Une opération de sabotage contre la présidentielle ou le Mondial-2018 de foot… Nombre de Russes ont leur théorie pour expliquer l’empoisonnement d’un ex-agent double en Angleterre, encouragés par les médias officiels voire des responsables politiques.

Moscou, responsable de l’attaque à l’agent innervant contre Sergueï Skripal et sa fille Ioulia? Lioubov Tarassenko, une retraitée de 69 ans rencontrée dans les rues de Moscou, n’y croit pas: “La Russie est toujours désignée coupable de tout”, soupire-t-elle.
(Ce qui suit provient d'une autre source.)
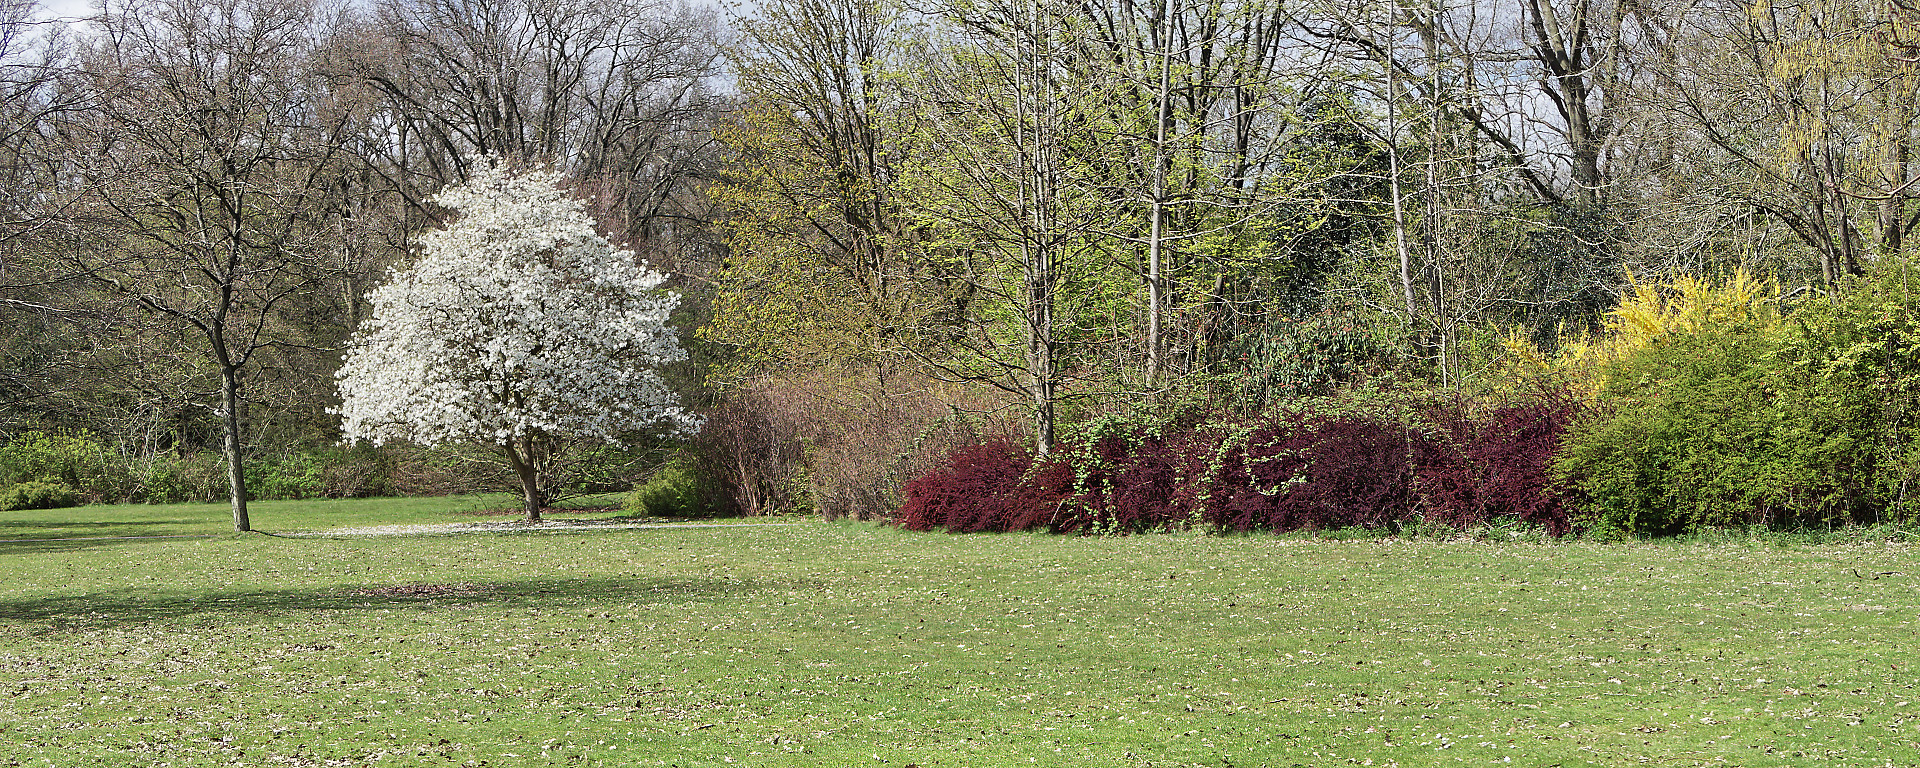 bomen en struiken in bloei

De nombreux habitants de la capitale russe n’ont pas suivi cette affaire, faute de s’intéresser à l’actualité, peut être lassés de la litanie des accusations et reproches quotidiens entre Moscou et les Occidentaux que les médias relatent quotidiennement ces dernières années. Mais ceux qui sont au courant sont persuadés: la Russie n’est pas coupable, mais victime.

“Les services secrets britanniques sont derrière l’empoisonnement, vu la façon idéale dont il a été organisé, à l’aide d’une substance de provenance russe présumée”, tranche Vladislav Diatlov, un juriste de 46 ans.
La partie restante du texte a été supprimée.